Unbundling, Gentiloni: "Sconti regolatori solo a fine scorporo"

L'INTERVISTA

Il deputato del Pd al nostro giornale: nuovo listino Agcom frutto di un lungo lavoro. Nessuna interferenza con spin off rete

di Alessandro Longo

"Non credo che questa decisione di Agcom in sé, isolatamente presa, possa avere chissà quali conseguenze sui piani Telecom. Sarebbe assolutamente improprio e ingiustificato se le avesse. Per lo stesso motivo, era improprio attendersi sconti regolatori solo per il semplice annuncio dello scorporo Telecom". Paolo Gentiloni, ex ministro delle Comunicazioni e ora parlamentare PD esperto di digitale, osserva con interesse la partita che si è infiammata con la decisione recente di Agcom su unbundling, bitstream. Partita che ora prosegue con le annunciate analisi di mercato 2014-2016 e l'esame del piano di scorporo Telecom.
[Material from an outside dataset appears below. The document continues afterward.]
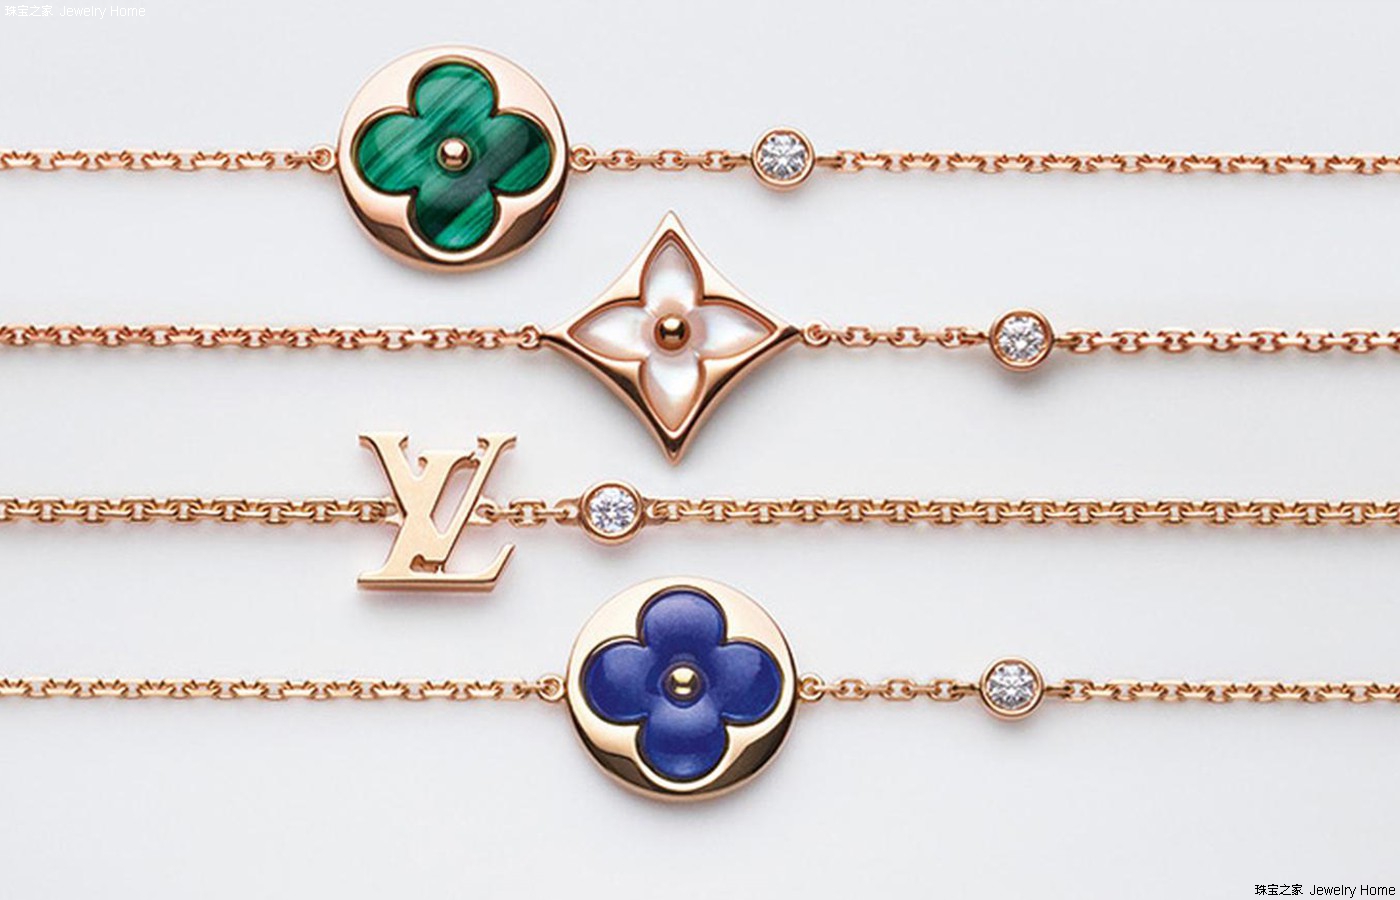 Louis Vuitton Color Blossom Star Bracelet Q95466 Pink Gold (18K

Eppure c'è stato un meccanismo causa-effetto rilevante e le decisioni Agcom sono state prese subito come pietra dello scandalo da Telecom Italia, per i futuri piani

Capisco che possa essersi diffuso un certo convincimento. Che la semplice decisione di procedere verso scorporo potesse portare a vantaggi regolatori. Ma come sanno gli addetti ai lavori le due cose sono separate, la decisione Agcom è frutto di un'analisi che va su un binario parallelo e che è cominciata da tempo. E' un lungo processo. Era improprio attendersi sconti regolatori per il solo annuncio dello scorporo. E adesso - per questo stesso motivo - è improprio pensare che ci saranno conseguenze per questa decisione Agcom.

D'accordo, ma che pensa dello scorporo?

Lo scorporo è una strada senza dubbio giusta. La scelta presa da Telecom è da apprezzare. Ma sono anche convinto che su questa strada giusta sia solo un primo passo. Prima di capire bene di che si tratta e quali conseguenze possa avere su piano economico, dei mercati e regolatorio, bisogna andare ben al di là del primo passo, cioè oltre l’annuncio.

Che cosa bisognerà valutare?

Ci sono tre questioni delicate. La prima è il prezzo e il valore correlato all'eventuale ingresso di Cassa depositi e prestiti. Questione che attiene a Cassa e al Governo. La seconda è la governance. Se dovesse restare con totale controllo Telecom sarebbe complicato prevedere rilevanti finanziamenti pubblici. E pure questo aspetto dipende da Cassa. Terzo tema, che riguarda l’Authority, è il perimetro della rete da scorporare per garantire l’equivalenza dell’accesso non in teoria ma di fatto. Mi aspetto che quando questo percorso sarà andato molto avanti, tra un anno, un anno e mezzo, ne verranno conseguenze da trarre per l’Authorirty. Cioè se questo percorso merita e in che misura merita un intervento regolatorio per attenuare le attuali asimmetrie in capo a Telecom. Gli sconti non avvengono adesso, ma in coda al processo o almeno quando i contorni dell’operazione saranno molto chiari. In definitiva, gli ostacoli da superare sono significativi, ma la direzione va assolutamente incoraggiata. 

E che può fare la politica in questo percorso, qui comprese anche le tariffe della rete Telecom?

La materia delle tariffe dell’unbundling è stata sempre controversa e l’unica cosa saggia che credo la politica possa fare è starne alla larga. Ho assoluto rispetto e fiducia nelle decisioni dell’Authority, adesso come negli ultimi dieci anni. So anche che le decisioni prese in questi dieci anni da diverse Authority sono state accolte più o meno criticamente. Mi verrebbe da dire, con una citazione, “è il regolatore, bellezza”. Trovo patetica la discussione che c'è stata alla Camera due anni sulle tariffe in unbundling: venivano molte aziende a dirci la propria. Ma non è materia da Parlamento. Per fortuna. Abbiamo fatto le Authority proprio per quello, per togliere dalla politica questo fardello. Continuiamo così.